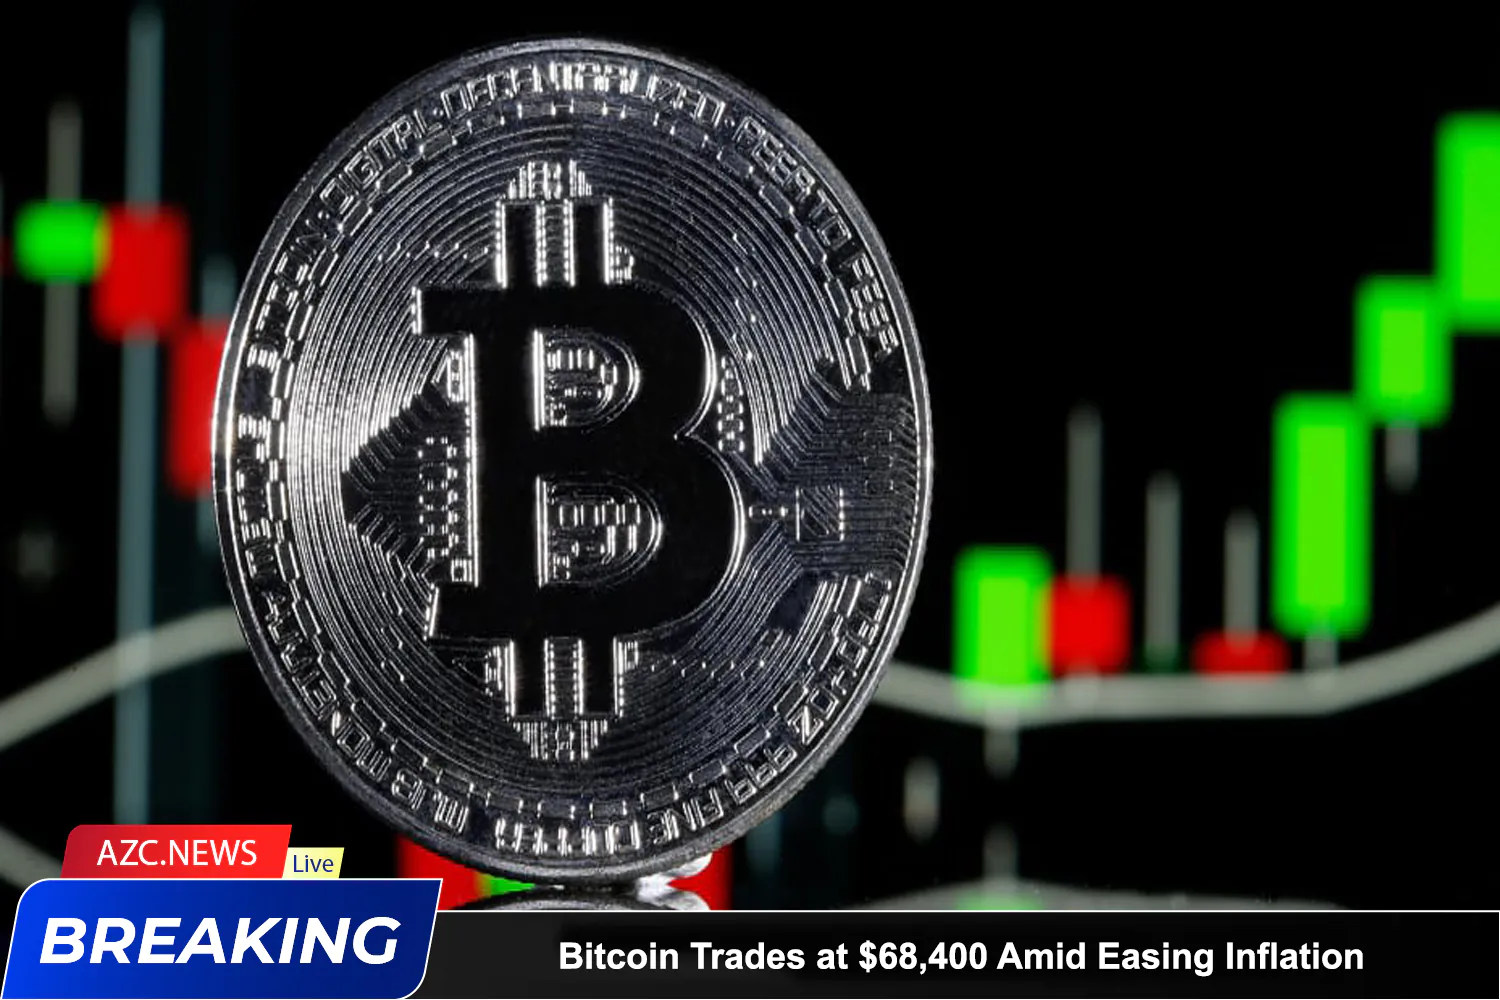 Azcnews Bitcoin Trades At $68,400 Amid Easing Inflation
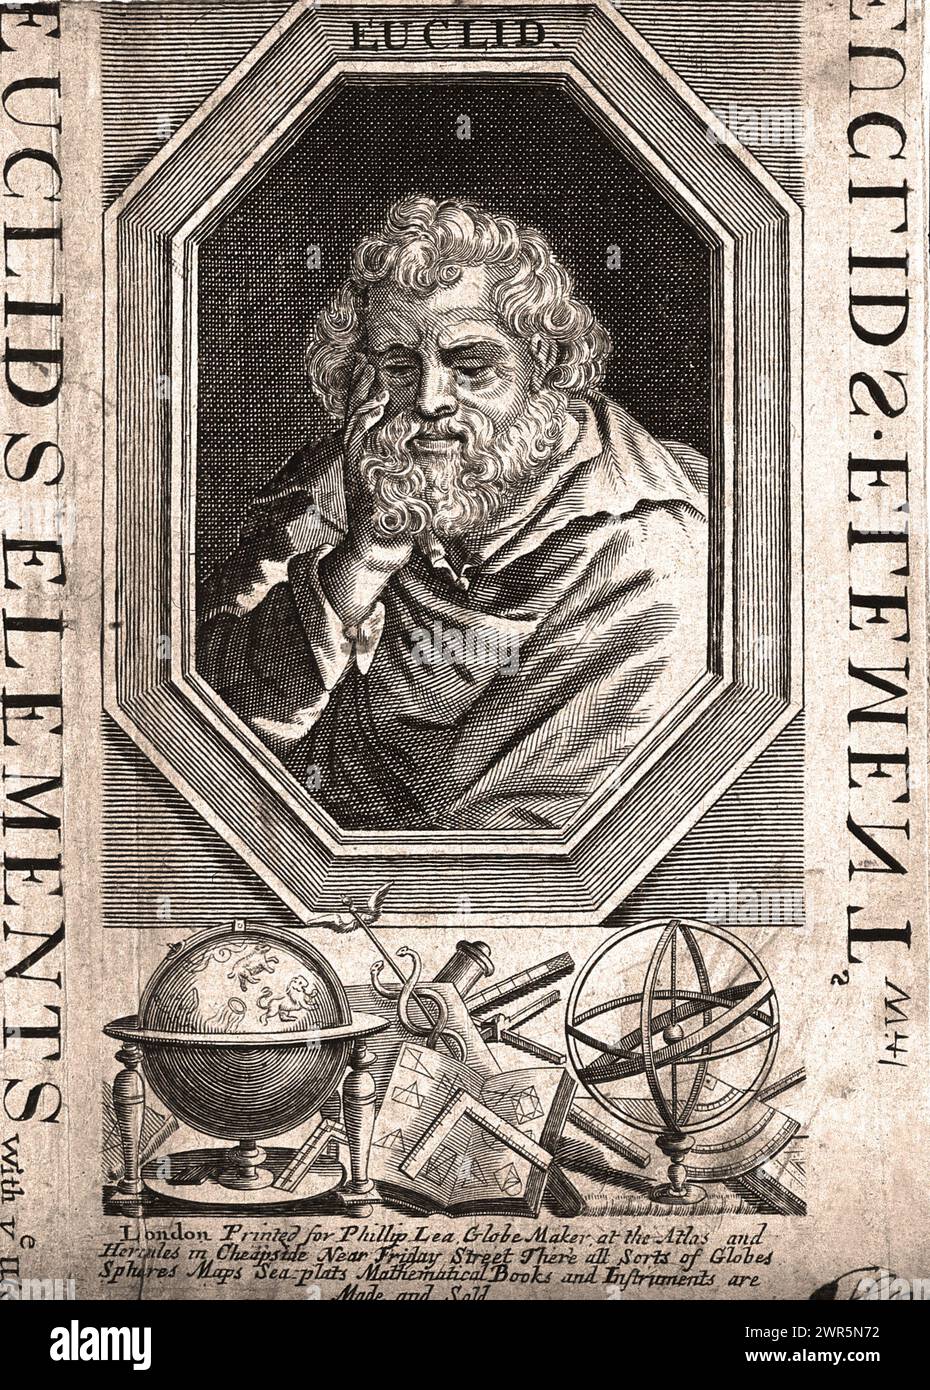 Euclid, c300 BC, was an ancient Greek mathematician, engraving by Philip Lea c1700 Stock Photo
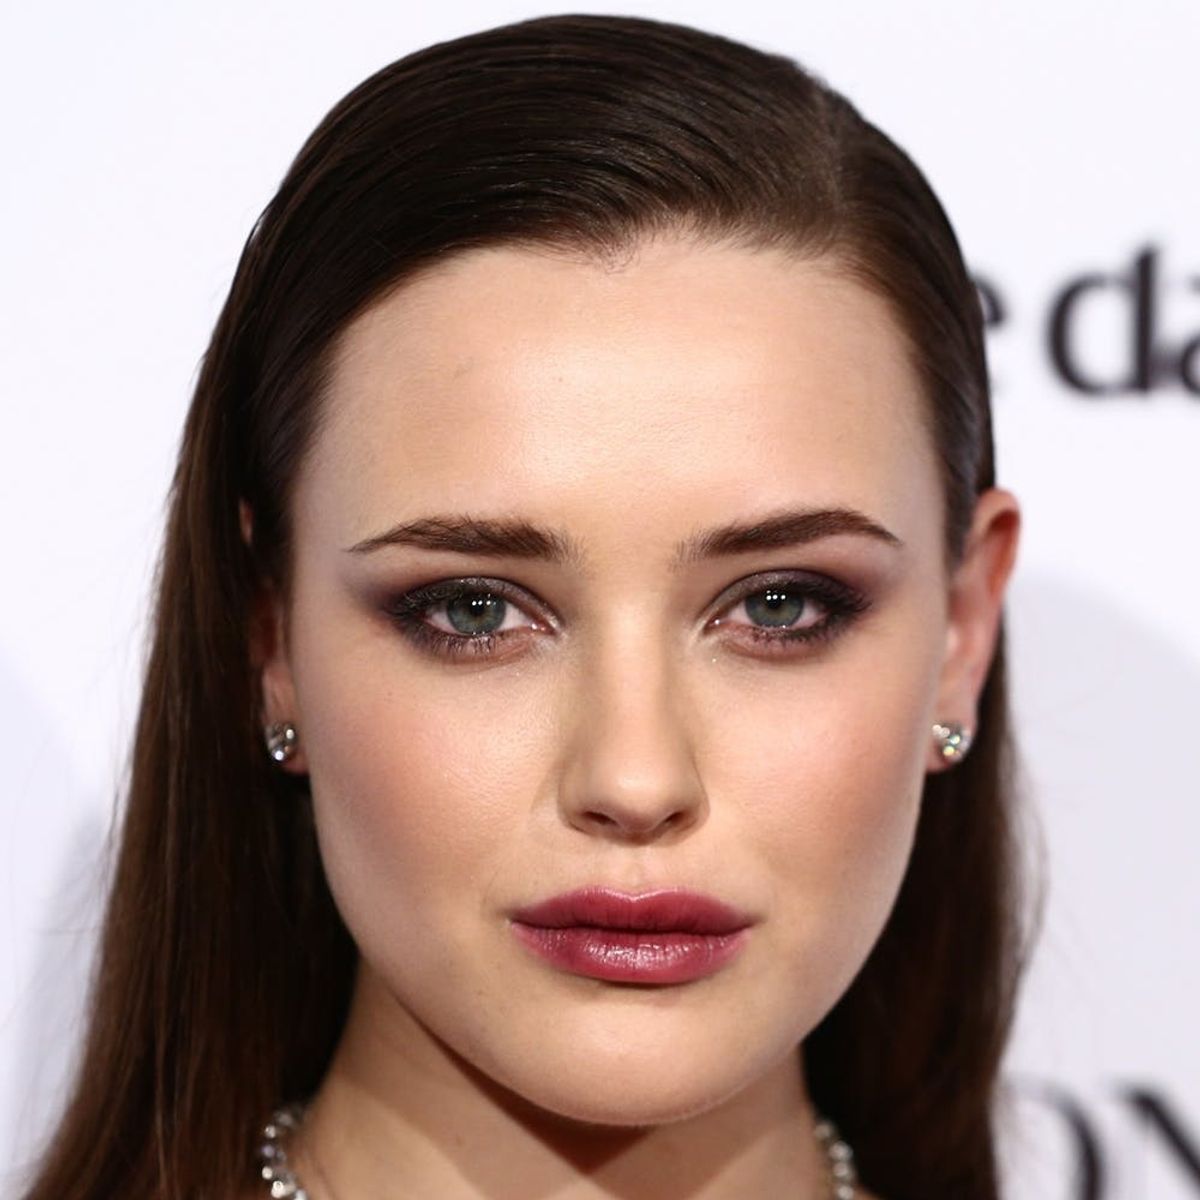 You Won’t Recognize ’13 Reasons Why’ Star Katherine Langford in Her New Movie Role
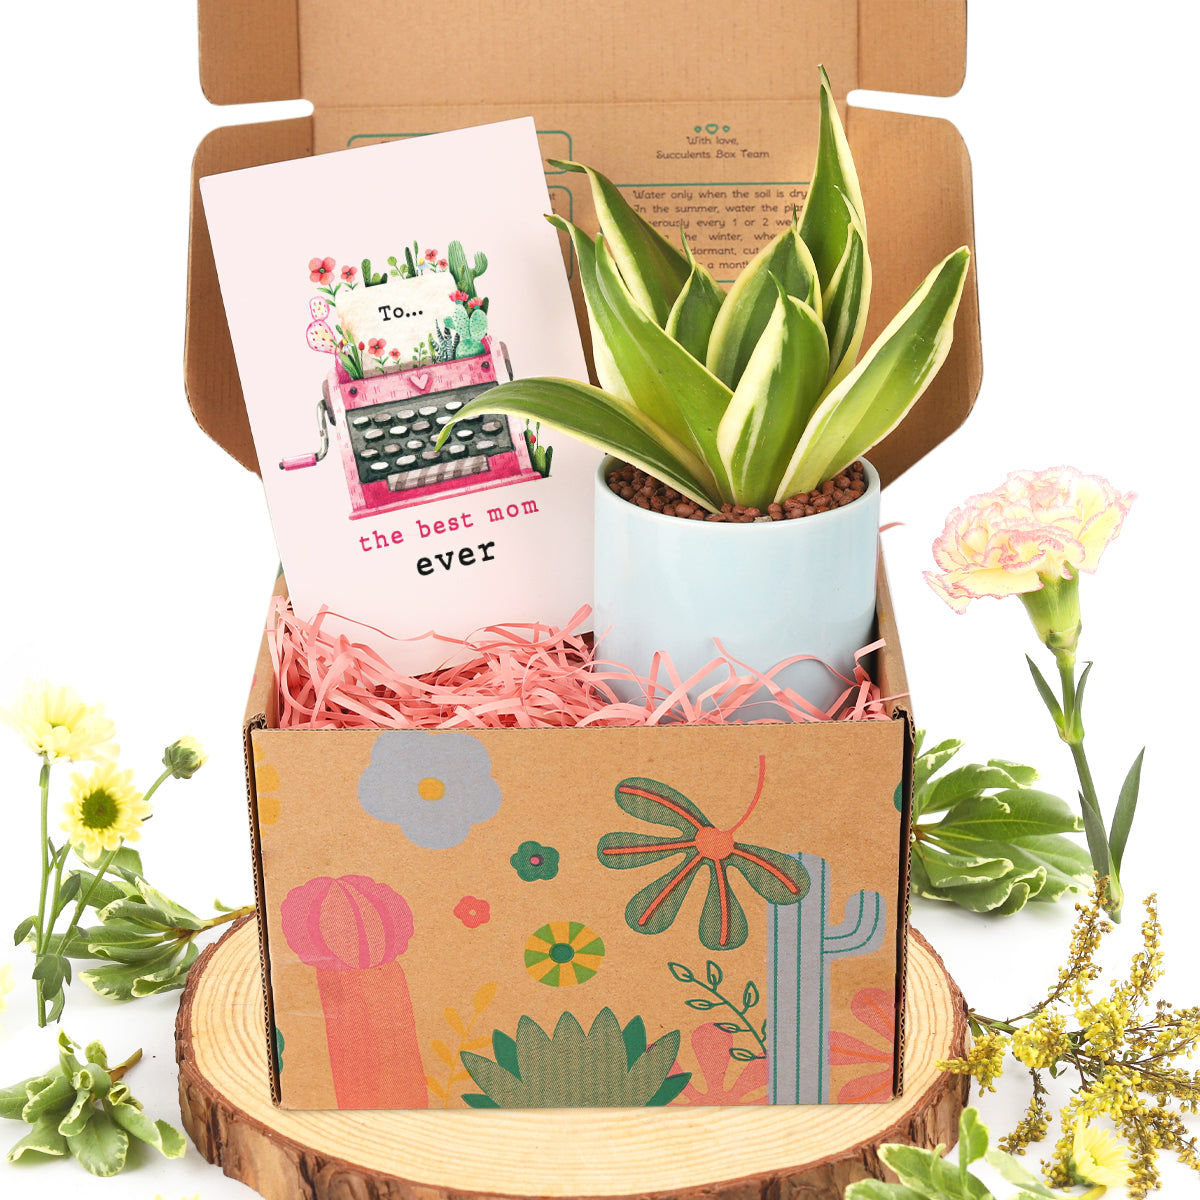 Best ever mom card, Mother's card gift ideas, Buy houseplant gift box online, Live plant gift for mom

•••

**Work task:** Transcribe the material above word for word; images do not belong in the copy.

**Output for this task:**
 Azcnews Bitcoin Trades At $68,400 Amid Easing Inflation
 Euclid, c300 BC, was an ancient Greek mathematician, engraving by Philip Lea c1700 Stock Photo
 You Won’t Recognize ’13 Reasons Why’ Star Katherine Langford in Her New Movie Role
 Best ever mom card, Mother's card gift ideas, Buy houseplant gift box online, Live plant gift for mom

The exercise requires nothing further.